Cybersecurity experts warn that Iran's government could retaliate against the U.S. with cyberattacks on critical infrastructure and businesses following President Donald Trump's decision to reimpose sanctions and pull out of an Obama-era nuclear deal.
Iran is known for waging cyberattacks during international upheaval and has a history of deploying destructive attacks against its perceived enemies.
But concern about possible attacks from Iran come as the Trump administration's national security team is considering eliminating the top White House cybersecurity job.
Prior to the nuclear agreement with Iran in 2015, state-run hackers were working to penetrate U.S. chemical, banking and transportation companies, though the efforts largely stopped after the accord was reached.
“In the absence of the agreement, that [hacking] restraint could disappear,” John Hultquist, director of intelligence analysis at FireEye, told McClatchy DC. He said that the most likely target of any Iranian-backed cyberattacks would be American critical infrastructure and businesses.

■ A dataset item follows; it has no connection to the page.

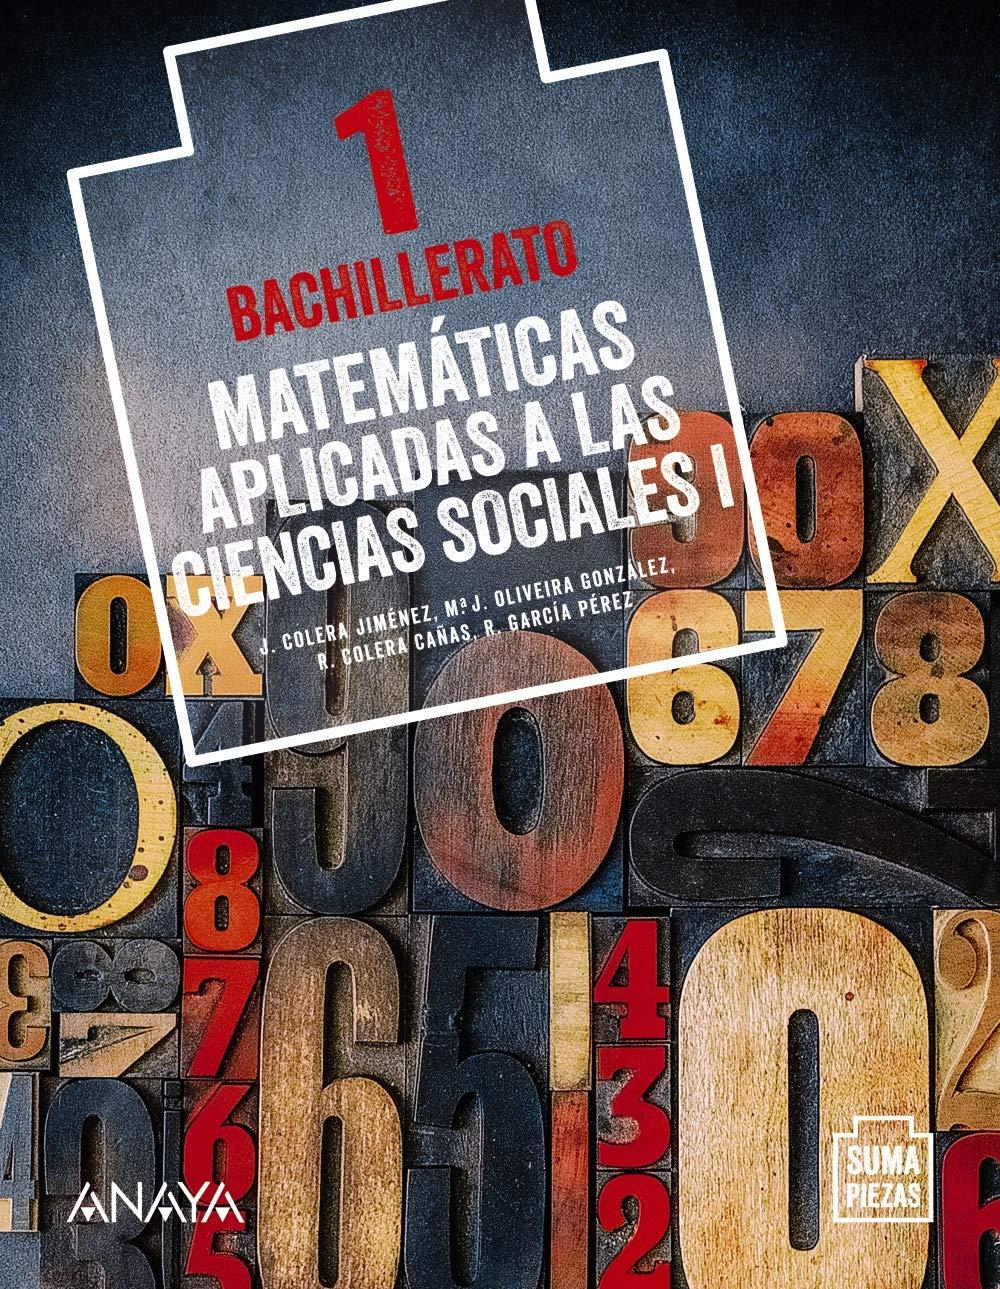 Solucionario Matematicas Aplicadas a las Ciencias Sociales I 1 Bachillerato Anaya

Levi Gundert, a former Secret Service agent who is vice president of threat intelligence at Recorded Future, agreed He said authorities in Iran have shown their willingness to attack American companies.
“They are facing a government which is not happy about President Trump turning up the economic pain dial and reapplying these sanctions,” he said. “This was a pattern that was very active before 2015.”
“They are facing a government which is not happy about President Trump turning up the economic pain dial and reapplying these sanctions. This was a pattern that was very active before 2015.”
Any revival of that pattern now would come as John Bolton, President Donald Trump's recently hired national security adviser, is pushing for the elimination of the role of special assistant to the president and cybersecurity coordinator -- despite Bolton being known in Washington as a cybersecurity hawk who advocated actively targeting enemies of the U.S.
Before the 2015 deal, the Iranians were trying to disrupt the American transportation network, including "multiple" airports.
“They were in some very sensitive areas of airport networks where they could conceivably cause serious disruption,” Hultquist said, noting that the effort was identified and hackers were neutralized.
The Iran government propped up its cyber division in the wake of a 2010 cyberattack on the country's nuclear program. The attack was perpetrated by U.S. and Israeli hackers and made Iranian centrifuges at the Natanz plant spin out of control and shatter.
Though many suggest Iranian hackers aren't as sophisticated as Israeli or American counterparts, they shouldn't be underestimated, Gundert said.
“Even though on many occasions they’ve demonstrated a lack of technical sophistication, they’ve made up for it with brashness and creativity (and) their willingness to really push the edge,” he said.
“Even though on many occasions they’ve demonstrated a lack of technical sophistication, [Iran has] made up for it with brashness and creativity (and) their willingness to really push the edge.”
Hackers in Iran waged a cyberattack on about 40 U.S. banks after then-President Barack Obama imposed financial sanctions on Iran. In 2014, Las Vegas casino mogul Sheldon Adelson's business networks were targeted by Iranians, inflicting significant damage, McClatchy reported.
The attacks also were directed at key U.S. allies in the Middle East, with hackers deleting all data from around 30,000 computers in 2012 at Saudi Aramco, Saudi Arabia's state-run oil company.